Ela inclinou-se ligeiramente, aproximando os lábios da orelha de Paulo, mas com um sorriso travesso curvando sua boca.
— Os pelinhos da minha bucetinha… — sussurrou, a voz carregada de malícia e provocação. — Agora eles também podem ver. Será que estão imaginando como seria senti-los roçando nos dedos?
Paulo prendeu a respiração, o desejo nítido em seus olhos enquanto os movimentos dela o hipnotizavam. Era uma batalha interna entre o ciúme que queimava e a excitação avassaladora que o consumia. Ele engoliu em seco, incapaz de desviar o olhar, rendido ao poder que Andressa tinha sobre ele naquele momento.
Andressa não perdeu a chance e deixou um sorriso ainda mais travesso surgir em seus lábios.
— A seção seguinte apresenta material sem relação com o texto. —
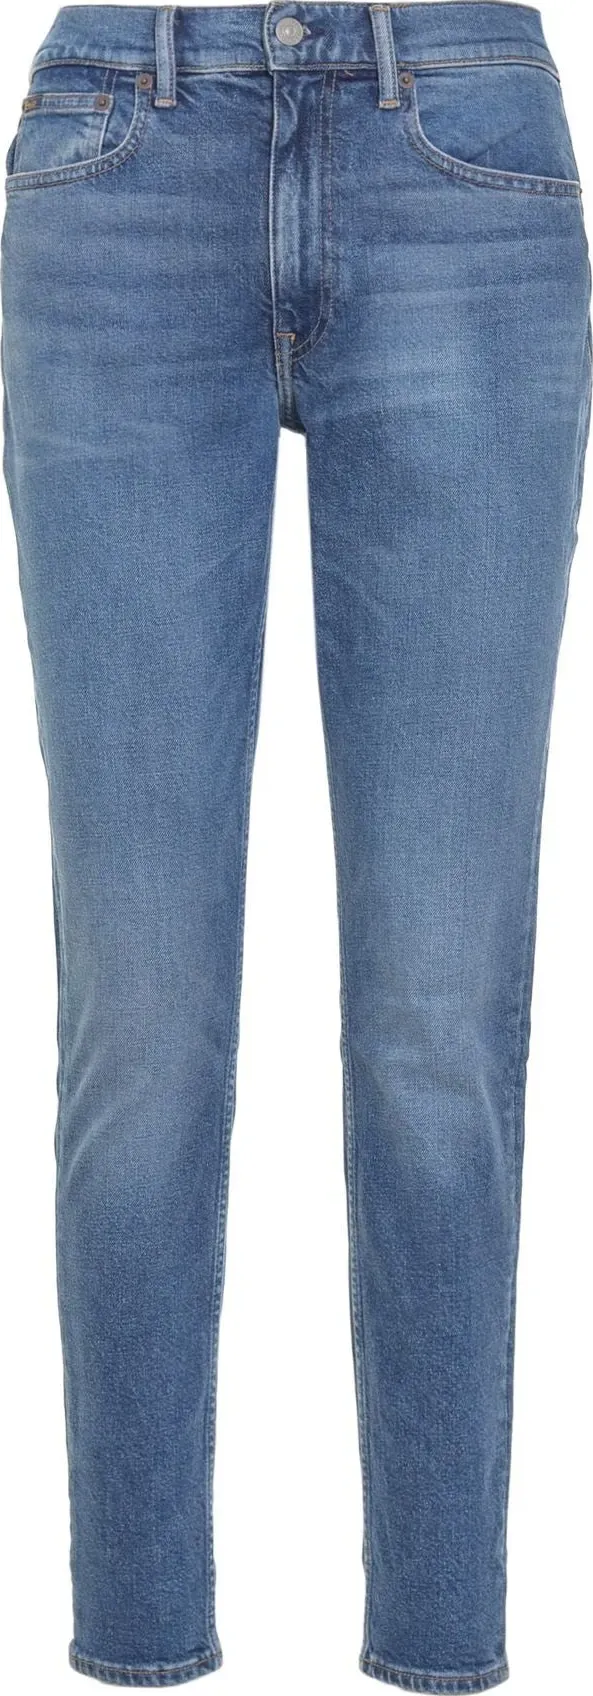 Ralph lauren jeans autunno/inverno 211872461

Ela se aproximou um pouco, mas sem permitir que ele a tocasse.
— E se eles voltarem? Talvez eu os convide para chegarem mais perto. Para verem de verdade o que é que tanto te tira do sério.
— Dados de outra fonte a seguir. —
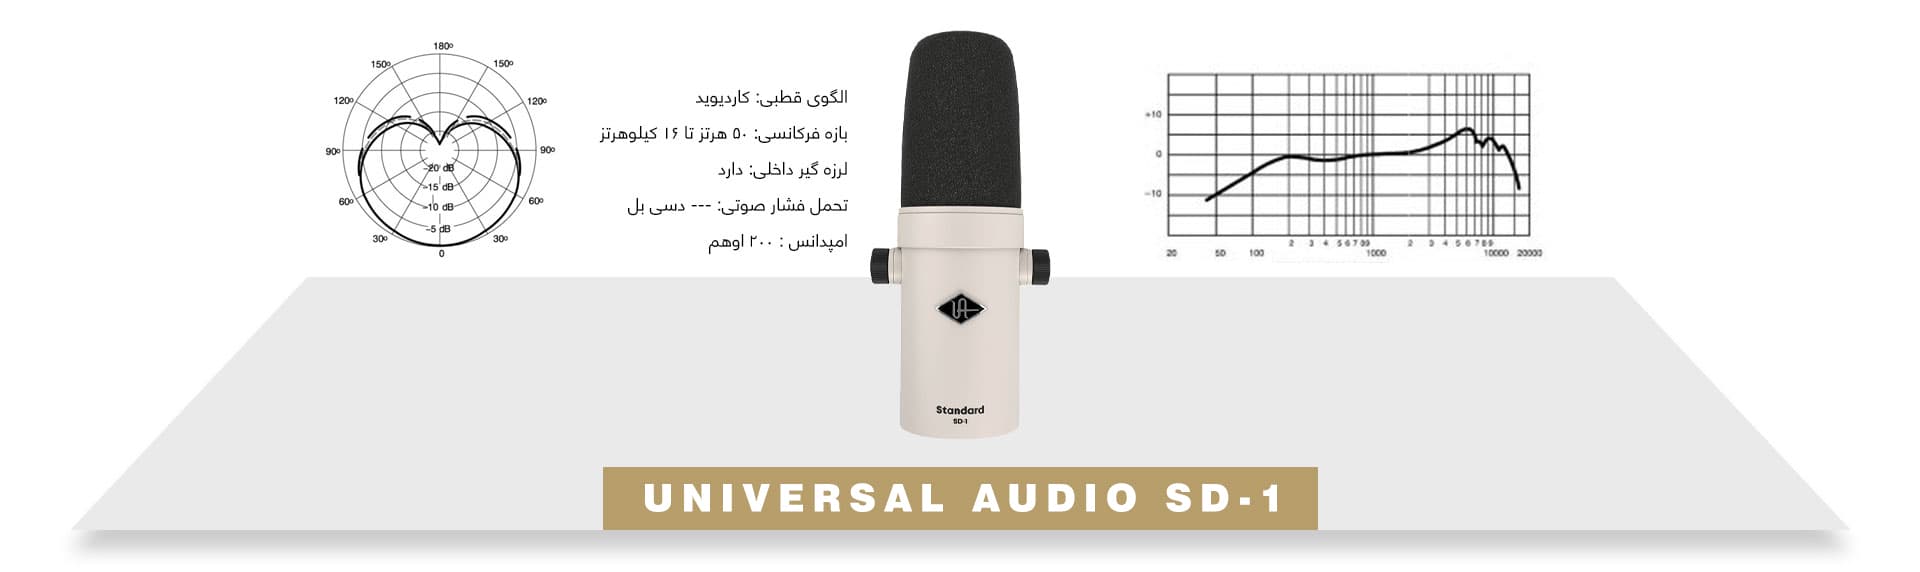 میکروفون داینامیک پادکست برادکست Universal Audio SD-1

— E sabe o que mais, Paulo? Se eles voltarem, talvez eu deixe um deles tocar bem aqui. — Ela arrastou os dedos pela lateral da calcinha, acariciando de forma provocadora enquanto mantinha os olhos fixos nele.
Paulo respirou fundo, tentando manter o controle, mas sua voz saiu rouca e carregada de emoção.
Ela inclinou-se, sua respiração quente contra o pescoço dele.
— Não estou brincando não, meu amor… Estou só te lembrando que o que te excita de verdade é me ver sendo desejada por outros homens.
Antes que ele pudesse dizer algo, Andressa pegou a mão dele, guiando-a até sua cintura nua. Seus olhos brilharam enquanto ela sussurrava:
— Agora me diga, Paulo… Até onde você está disposto a deixar isso ir? — A provocação em sua voz era irresistível, enquanto o som distante de passos parecia trazer ainda mais adrenalina ao momento.